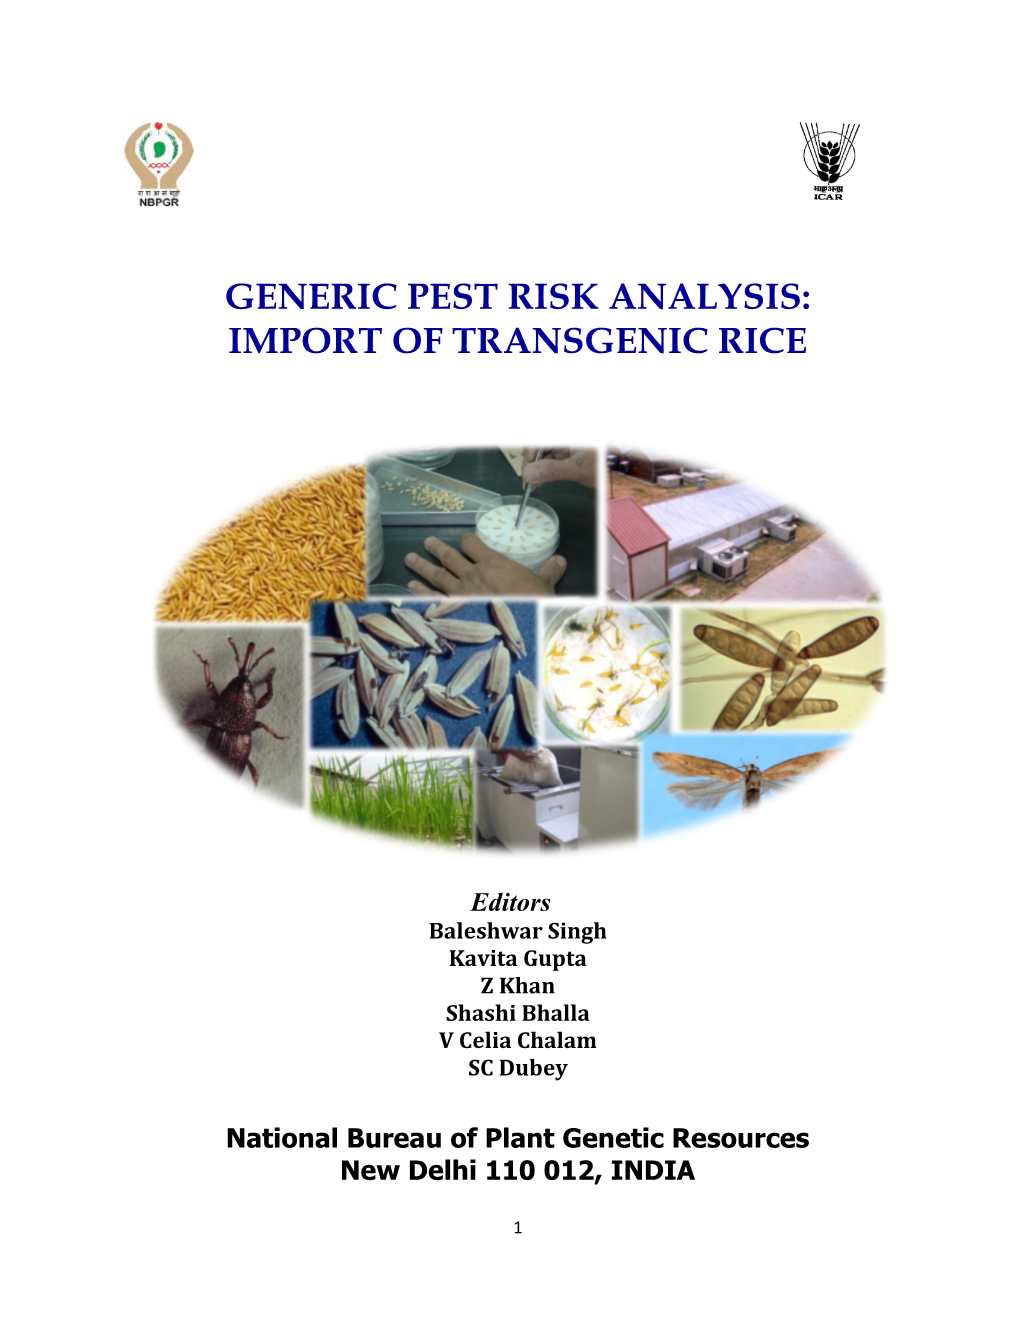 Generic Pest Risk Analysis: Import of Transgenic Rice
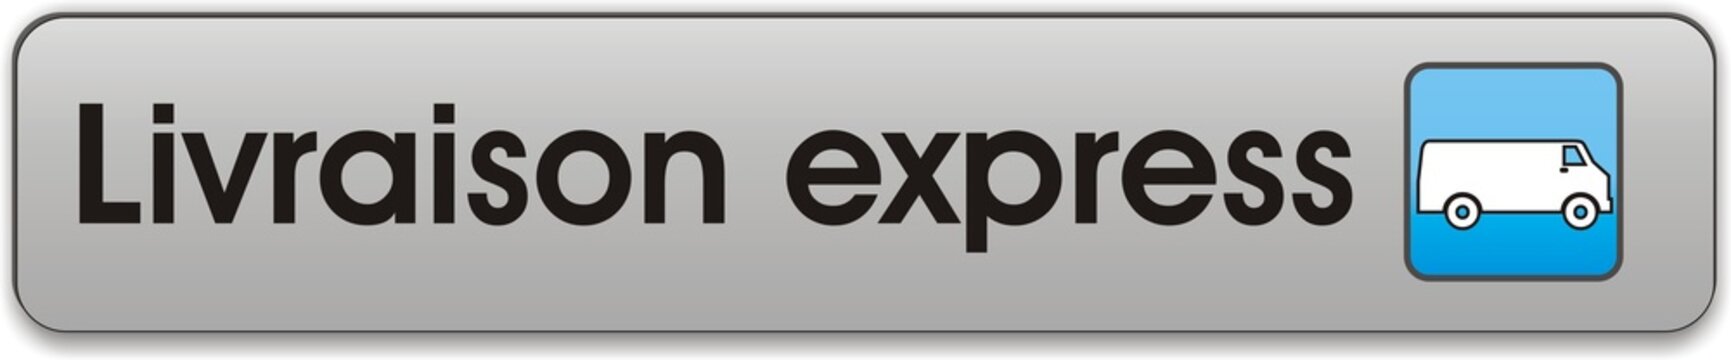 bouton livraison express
-.-.-
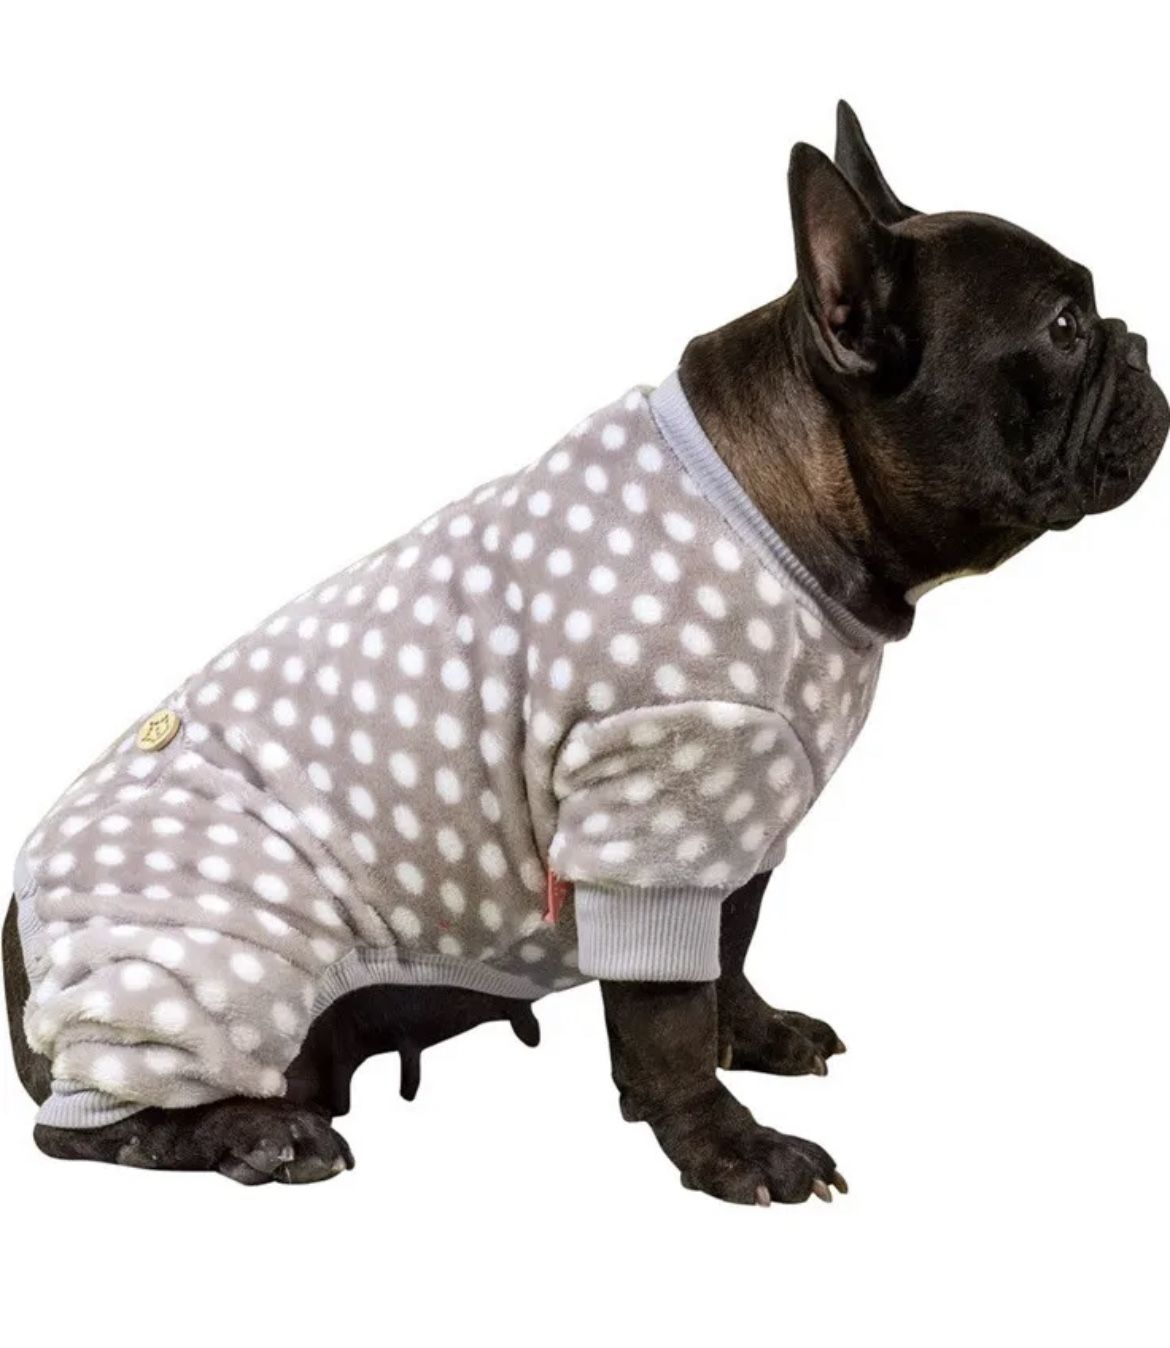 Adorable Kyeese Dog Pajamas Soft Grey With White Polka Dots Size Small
-.-.-
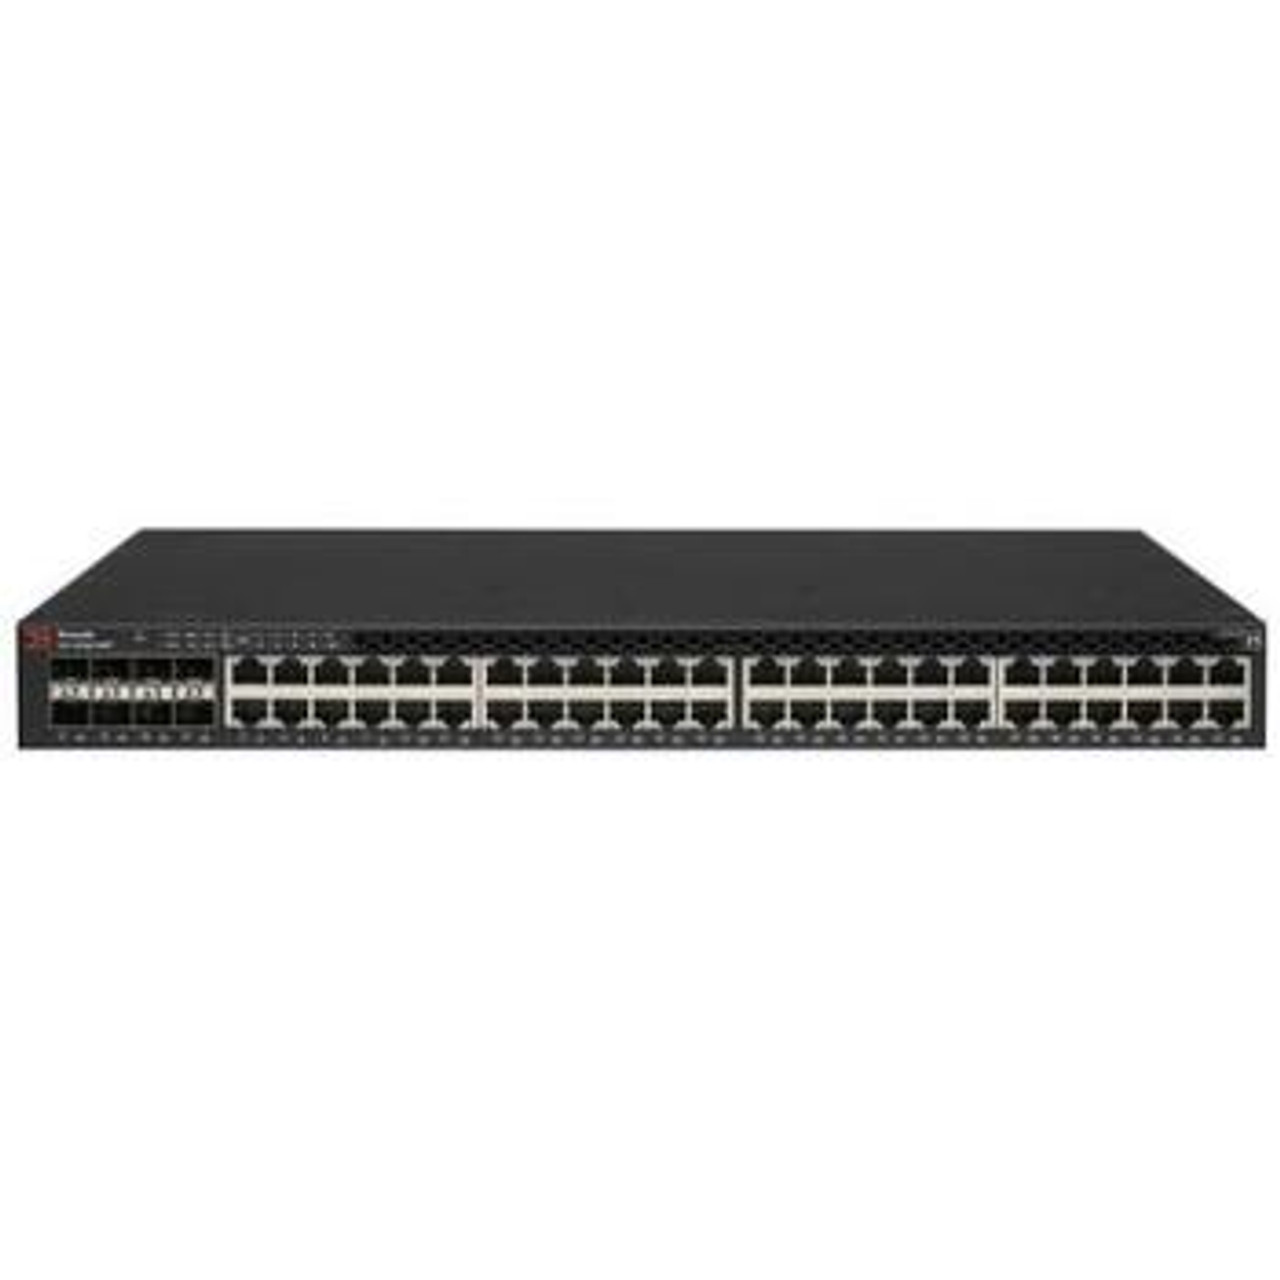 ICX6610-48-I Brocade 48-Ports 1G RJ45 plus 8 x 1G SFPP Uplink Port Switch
-.-.-
## What is required
Using the entries above, extract exactly the lines from the one that contains "Generic Pest Risk" through the one that contains "bouton livraison express". Do not carry over any pictures.

## Output for this task
 Generic Pest Risk Analysis: Import of Transgenic Rice
 bouton livraison express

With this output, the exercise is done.